最近ElasticSearchを勉強する機会がありました。アウトプットのためにElasticSearchに関する基礎的な知識を学びながら、OpenSearchとLambdaで物件検索APIを作ろうと思います。

AWSリソースは検証用のために簡易的に作ったため、本番環境では推奨されない設定が含まれますが、ご了承ください。

ElasticSearchとは

ElasticSearchはElastic社が開発するApache Luceneを基盤とした検索エンジンです。ElasticSearchは以下の特徴を持ちます。

高速な全文検索や分析機能を持つ
- 全てのデータをインデックス化して格納する。インデックス化された各フィールドには専用の最適化されたデータ構造がある。例えばテキストデータは転置インデックスに格納され、数値や地理フィールドBKDツリーに格納される。このようにフィールドごとにインデックスにデータを格納し、データ構造を使用して検索結果を組み立てるため、ElasticSearchの検索は非常に高速になる。
クラスター構成により複数のノードで分散して動作し、検索性能をスケールさせることができる。
REST APIが提供されており、開発者フレンドリー

ユースケース

Webアプリケーションの検索機能
ログやイベントデータの保存分析
ベクターデータベース
RAG
機械学習

OpenSearchとは

OpenSearchはElasticSearchのフォーク版としてAWSが立ち上げたプロジェクトです。
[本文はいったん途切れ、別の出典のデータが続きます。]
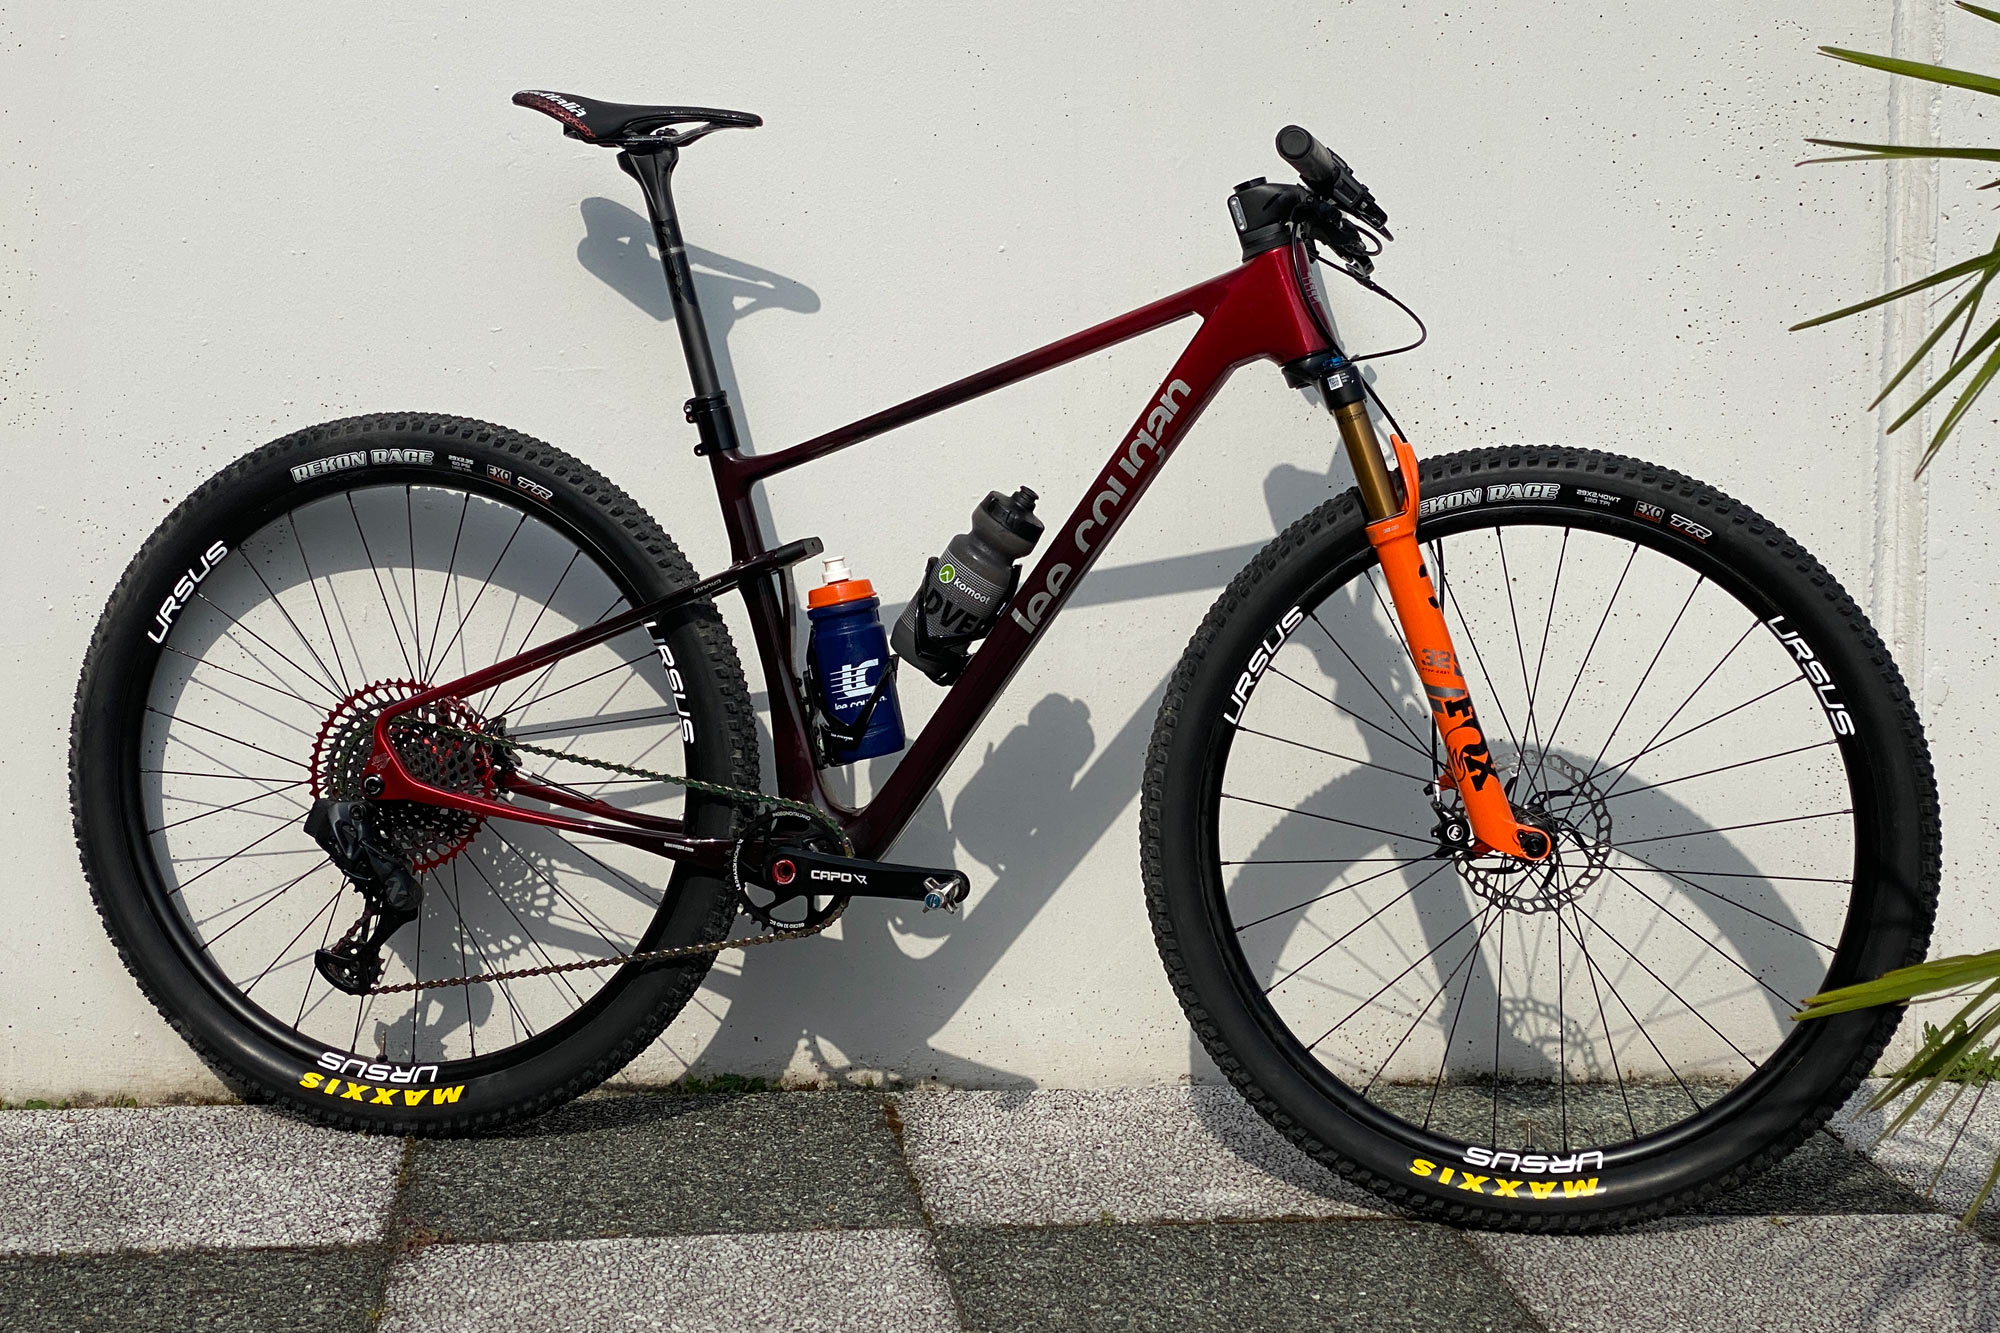 Lee Cougan Rampage Innova 30mm carbon XC MTB mountain bike softail, team replica complete

背景をざっくり説明すると、Elastic社のライセンスが変更され、商業利用に関する制限が強化されました。このライセンス変更により、AWSはElasticSearchをサービスとして提供できなくなるため、最終のOSSバージョンES7.10をフォークし、オープンソースとしてOpenSearchを立ち上げ、OpenSearch Serviceとして提供しました。

本記事で扱う範囲ではOpenSearchとElasticSearchで機能の違いはなさそうです。

https://aws.amazon.com/jp/what-is/opensearch/

システム構成

Lambda function UrlsでAPIを作成し、LambdaからOpenSearchに対して検索を行ないます。

APIの仕様

以下のデータを検索対象とします。物件の属性値（物件名、住所、家賃など）で絞り込みを行い、結果をJSONで返却します。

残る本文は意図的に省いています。